### WHAT YOU HAVE TO DO
As the answer, give a copy of each line below that includes the word "Leather".

(Dataset entries)
■ ■ ■ ■ ■ ■ ■

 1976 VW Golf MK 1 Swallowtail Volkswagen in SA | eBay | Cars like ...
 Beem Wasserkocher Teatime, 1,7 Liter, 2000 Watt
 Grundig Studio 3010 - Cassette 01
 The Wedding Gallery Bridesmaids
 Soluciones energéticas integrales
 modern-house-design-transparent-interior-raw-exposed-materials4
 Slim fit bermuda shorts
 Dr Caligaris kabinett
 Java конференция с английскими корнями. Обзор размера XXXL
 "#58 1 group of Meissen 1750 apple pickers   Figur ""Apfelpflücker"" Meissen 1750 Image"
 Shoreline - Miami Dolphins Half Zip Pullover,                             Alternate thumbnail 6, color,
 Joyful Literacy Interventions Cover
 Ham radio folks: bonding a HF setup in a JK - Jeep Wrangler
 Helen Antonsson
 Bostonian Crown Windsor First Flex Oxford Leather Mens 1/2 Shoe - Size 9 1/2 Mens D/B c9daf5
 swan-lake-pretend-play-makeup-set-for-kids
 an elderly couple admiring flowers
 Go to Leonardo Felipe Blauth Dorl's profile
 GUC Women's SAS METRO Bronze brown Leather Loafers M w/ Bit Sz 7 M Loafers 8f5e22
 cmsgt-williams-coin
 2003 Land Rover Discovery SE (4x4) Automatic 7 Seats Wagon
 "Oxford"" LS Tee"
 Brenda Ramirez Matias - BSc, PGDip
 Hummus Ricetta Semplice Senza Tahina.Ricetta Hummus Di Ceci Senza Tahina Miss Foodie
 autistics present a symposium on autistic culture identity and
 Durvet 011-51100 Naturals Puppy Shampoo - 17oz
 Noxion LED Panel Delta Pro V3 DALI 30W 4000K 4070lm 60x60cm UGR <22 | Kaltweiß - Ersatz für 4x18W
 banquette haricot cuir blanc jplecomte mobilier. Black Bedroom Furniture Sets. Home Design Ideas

■ ■ ■ ■ ■ ■ ■

### EXERCISE SOLUTION
 Bostonian Crown Windsor First Flex Oxford Leather Mens 1/2 Shoe - Size 9 1/2 Mens D/B c9daf5
 GUC Women's SAS METRO Bronze brown Leather Loafers M w/ Bit Sz 7 M Loafers 8f5e22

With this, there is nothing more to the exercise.